_DATASET CONTENT_
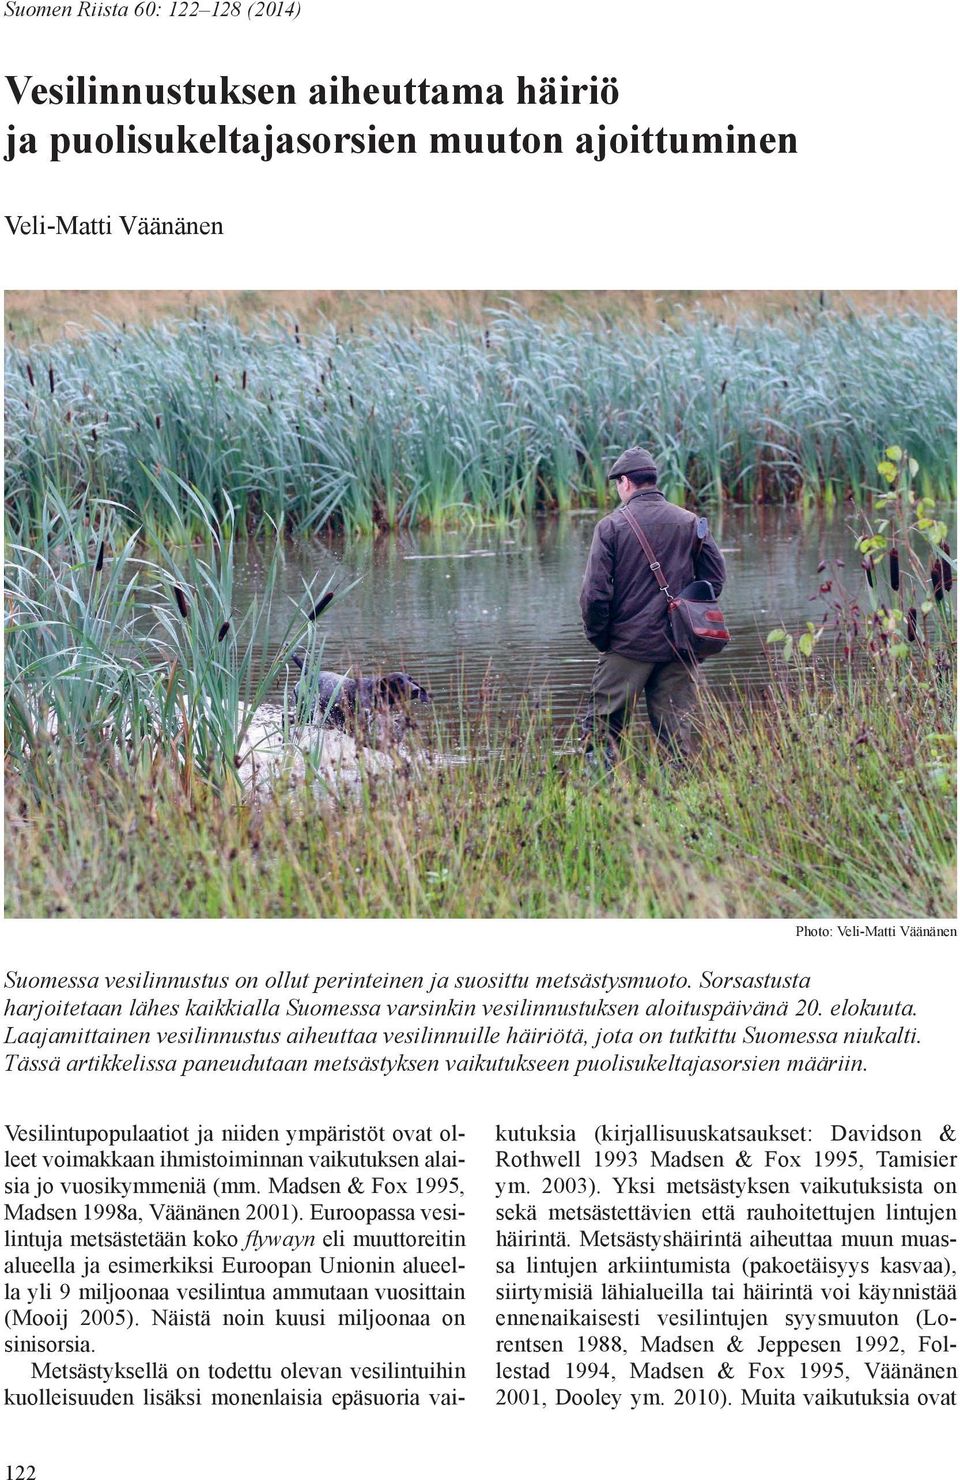 Laajamittainen vesilinnustus aiheuttaa vesilinnuille häiriötä, jota on tutkittu Suomessa niukalti. Tässä artikkelissa paneudutaan metsästyksen vaikutukseen puolisukeltajasorsien määriin.
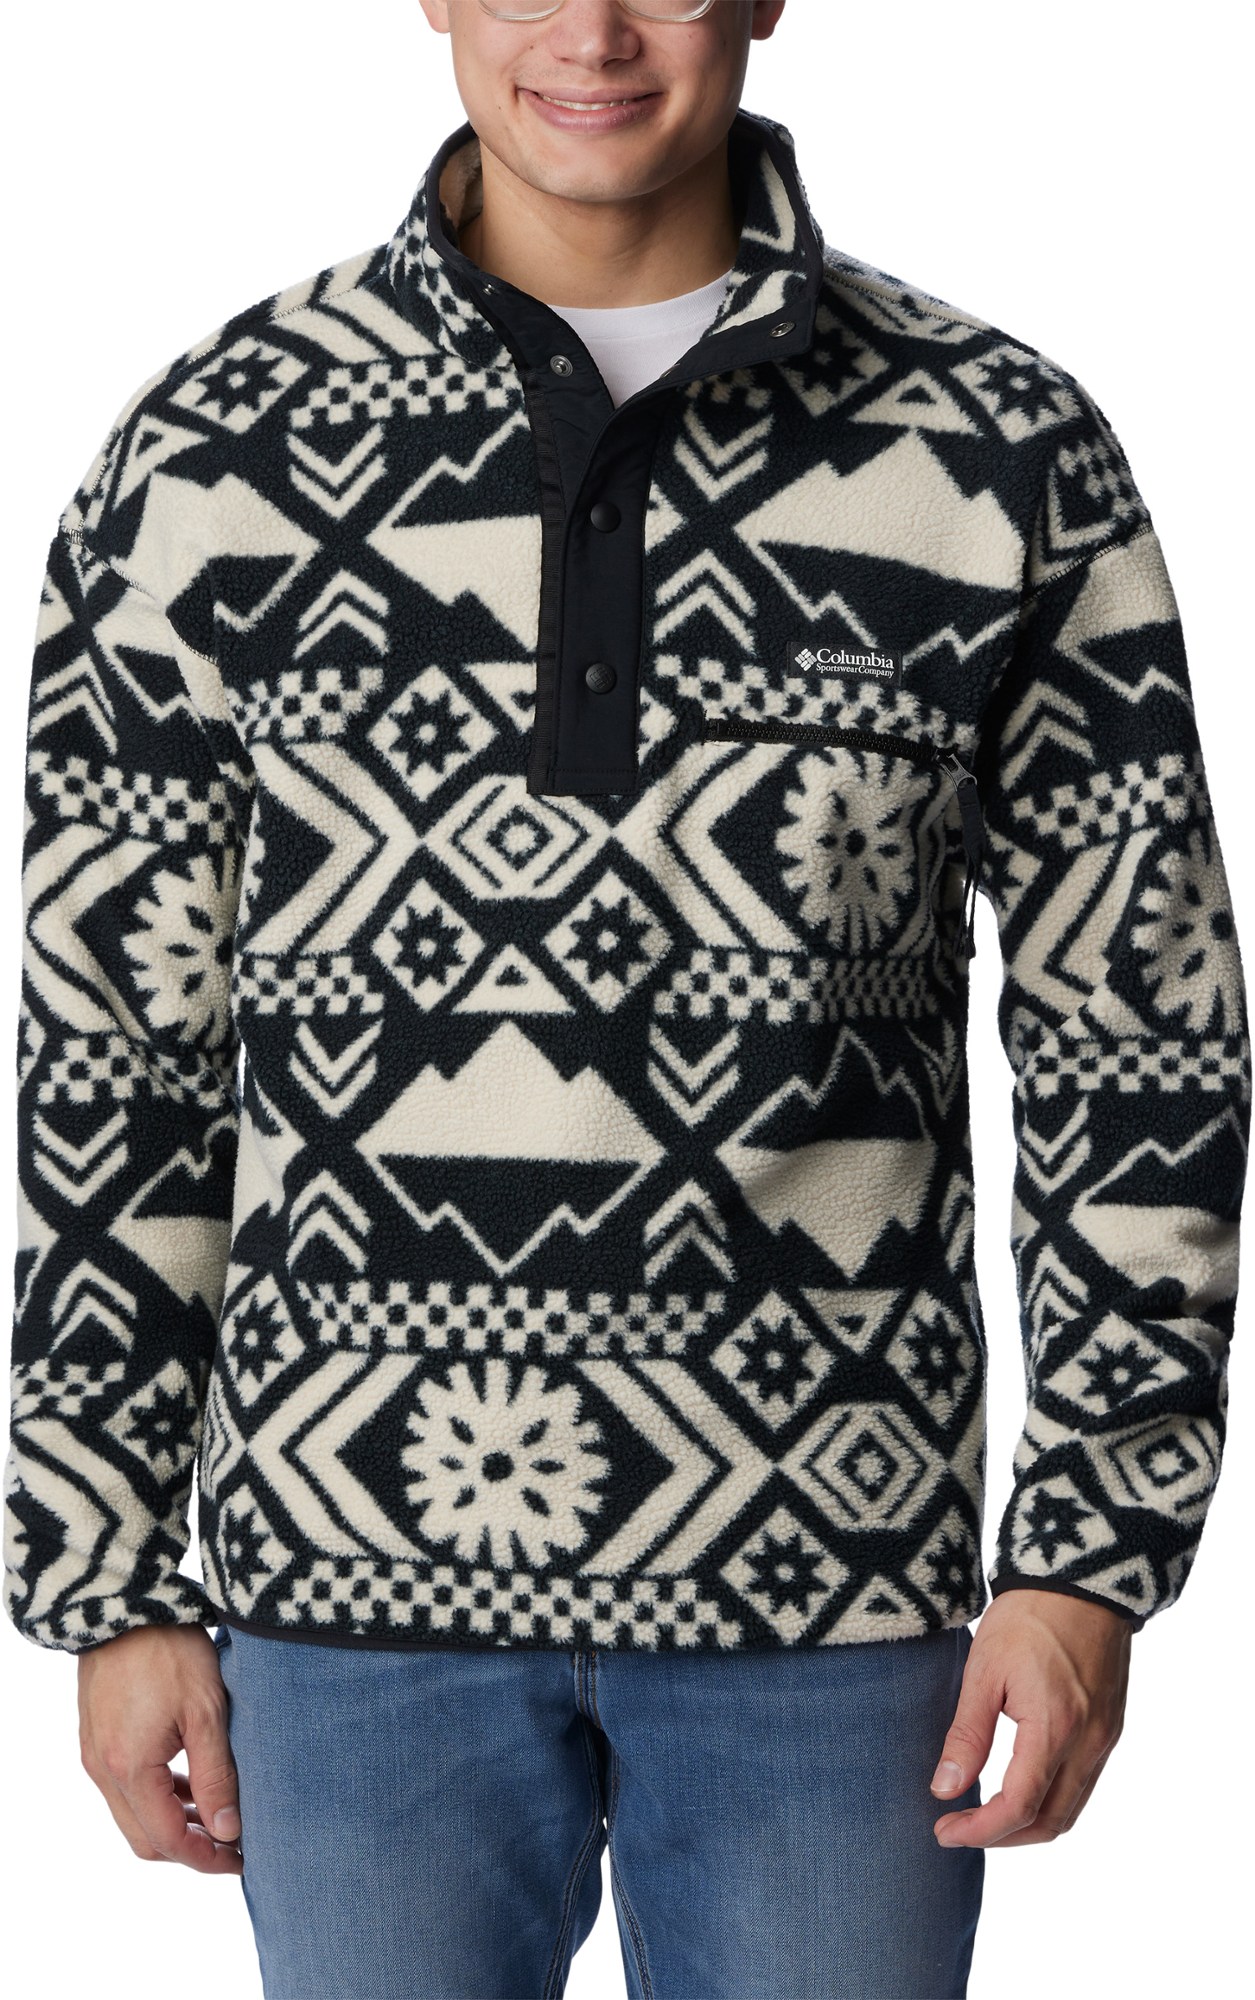 Флисовый пуловер Helvetia с полузастежкой - мужской Columbia, черный женский кашемировый пуловер ажурный пуловер в китайском ретро стиле с полувысоким воротником и дисковыми пуговицами осень зима
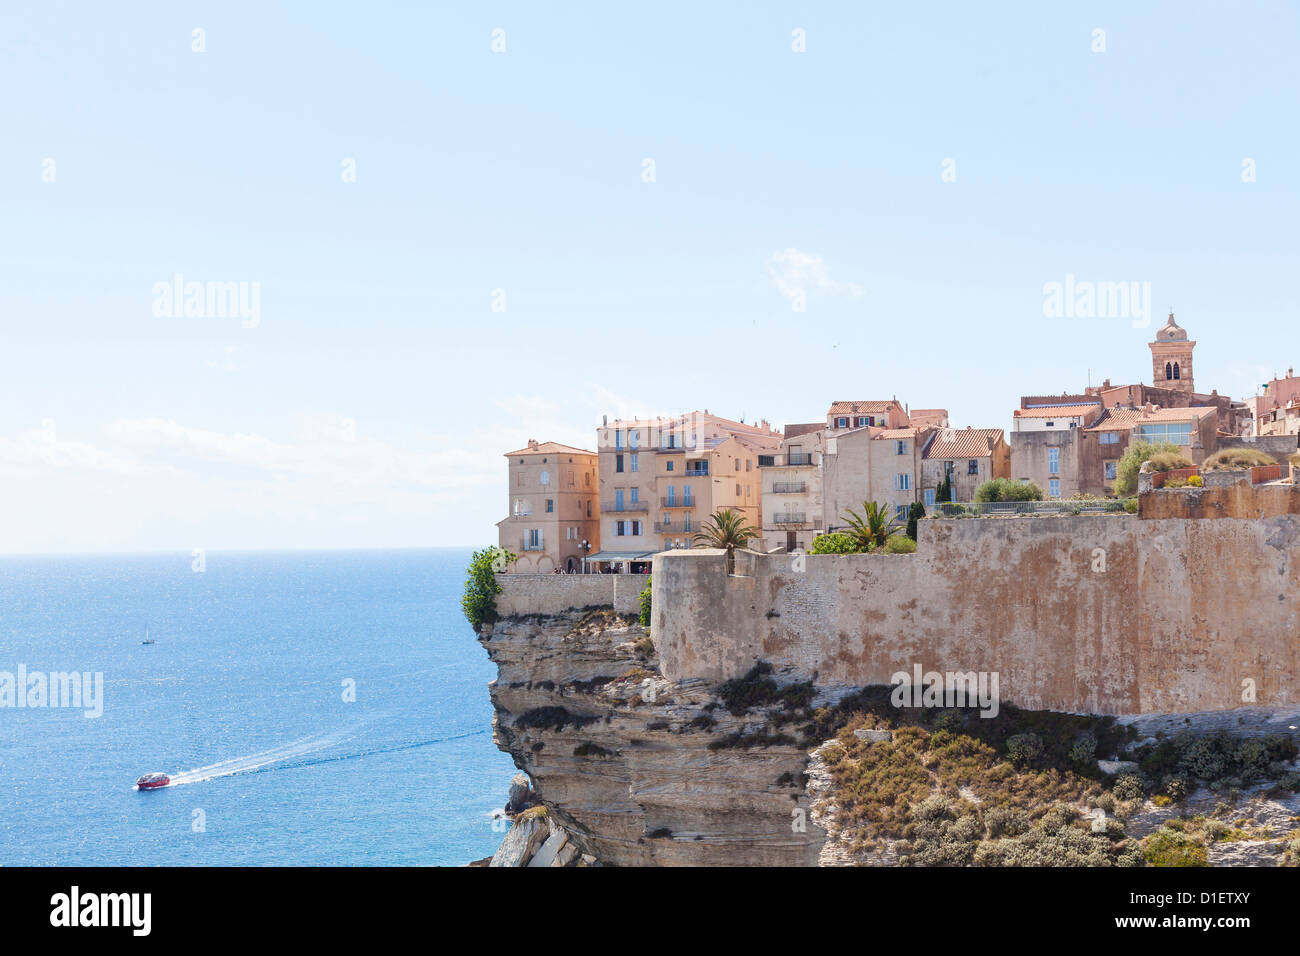 Vieille ville de Bonifacio sur la roche, Corse, France Banque D'Images

_TASK INSTRUCTIONS_
The answer should consist only of the lines from the line with "Флисовый пуловер Helvetia" through the last line of the data, repeated exactly; pictures stay out.

_RESPONSE TO THIS TASK_
 Флисовый пуловер Helvetia с полузастежкой - мужской Columbia, черный женский кашемировый пуловер ажурный пуловер в китайском ретро стиле с полувысоким воротником и дисковыми пуговицами осень зима
 Vieille ville de Bonifacio sur la roche, Corse, France Banque D'Images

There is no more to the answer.